What interest rates are paid on the Special Account and Ordinary Account and are they fair (at least equal to inflation) or are they kept at below-inflation levels to allow the government a cheap source of credit (financial repression)? How much (last I checked it was $20,000 in the Ordinary Account and more than that in the Special Account) is one mandated to keep in the Special and Ordinary Accounts earning the government-set interest rate before one can start investing in risk assets like mutual funds, unit trusts, bonds, or gold?
How much does one of the upgraded "Enhanced Shield" insurance schemes cost for a healthy 25 or 30 year old? I know when i looked at what Medishield cost it seemed ridiculuosly cheap (the premiums for a whole year for someone my age were less than what my health insurance at work cost for one week) although the maximum annual and lifetime benefit were laughable ($150,000 lifetime benefit IIRC...you could-although it is not too likely-exhaust that in one hospital stay here if it was for something very serious).
Finally, you say it is "not socialized" which is true (since it's not a purely socialized system like Britain's NHS or our Veterans Health Administration) but doesn't the government run some of the hospital groups and polyclinics (I know Singapore has quite a few private clinics and hosptals as well) and subsidize medical care rather heavily for those who use the C-class wards? Didn't this start costing your government too much money since more than a few middle class and even some wealthier people were choosing the C-class wards so now they are means-testing them?
The CPF is typically used to buy people's first house or apartmetns, so most people own their home instead of rent it.
Do they actually own (freehold title in fee simple once the mortgage is paid off) it or is it on a 99-year or 100-year leasehold from the government?
Iisn't it also true that HDB and BTO apartments are unavailable (execpt in special circumstances or by a very limited lottery scheme) to single childless adults so they are forced to pay market prices for housing (which have soared with the last ten years' property bubble and with Singapore''s population growth due to the huge influx or Permanent Residents) since the Singapore government wants to encourage people to breed more children since the population replacement fertility rate is among the lowest in the world?
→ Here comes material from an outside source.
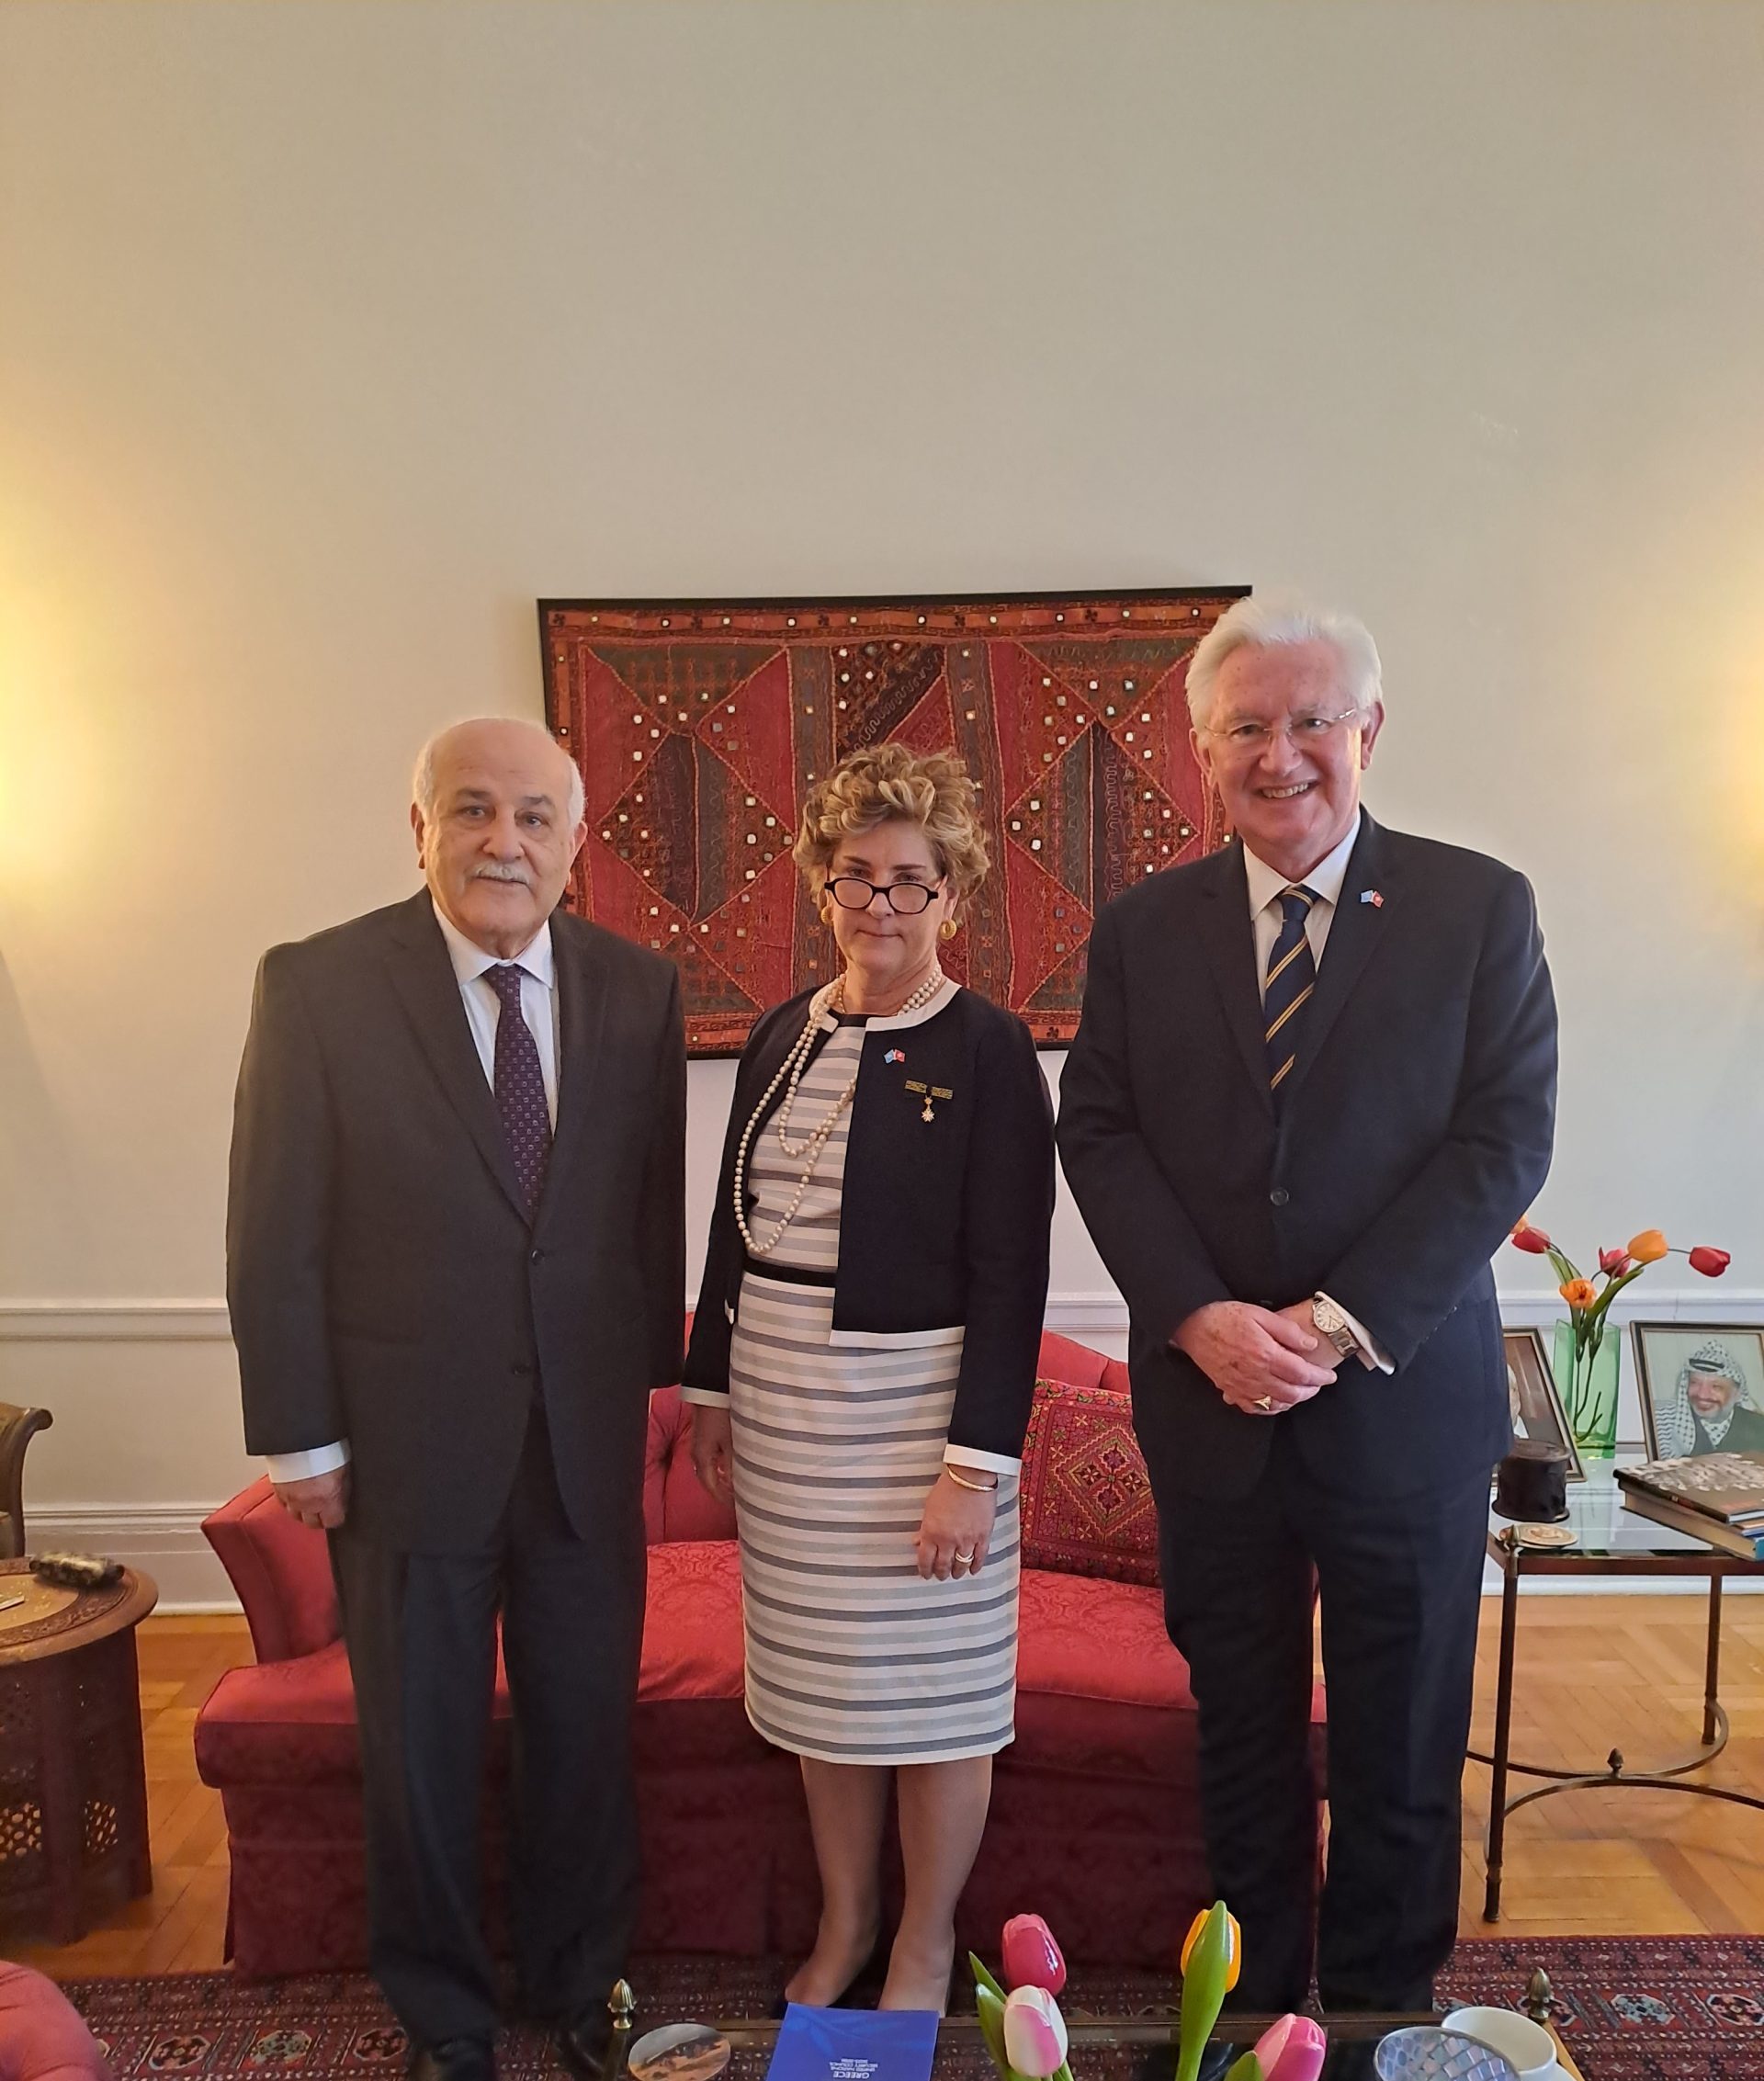 Ambassador Beresford-Hill and Ambassador Bowe are Welcomed by the Permanent Representative of the State of Palestine, H.E. Mr. Riyad Mansour
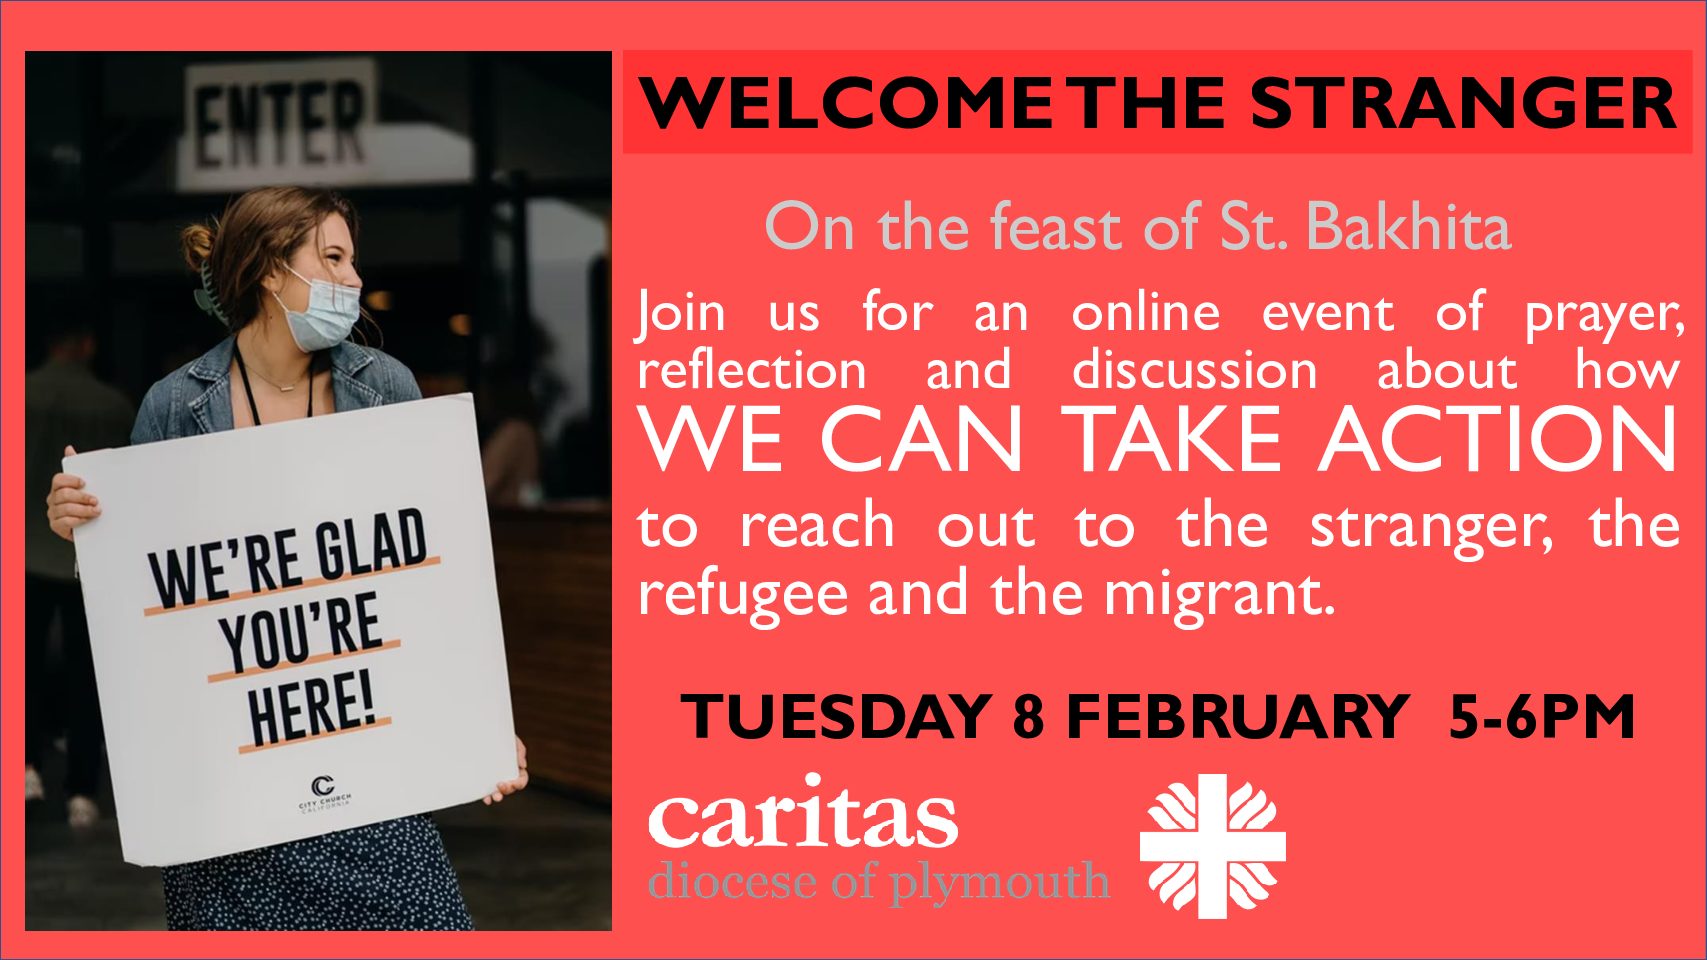 Welcome the Stranger – An Online Event on Tuesday 8 February

Finally (and this isn't related to housing or CPF or healthcare or anything else in your post but I wanted to ask a Singaporean about this)...why does your nation still use conscription to man its army? To most in the United States the very idea of forced military or public service is thoroughly loathsome and right up there with slavery. I would imagine a country as free-market oriented as Singapore would have taken Milton Friedman's advice (I'm pretty sure you know who he was but if not he was a famous economist, vociferous defender of the free market and voluntary exchange instead of government controls, and the intellectual father of the all-volunteer military in the United States) and created a national defense force composed of willing volunteers rather than slaves (anyone who is forced to serve under penalty of caning and prison is no freer than a slave in my opinion). Why has this not been done yet? Would it cost that much more to pay market wages to soldiers when a country can afford to pay its government ministers millions a year?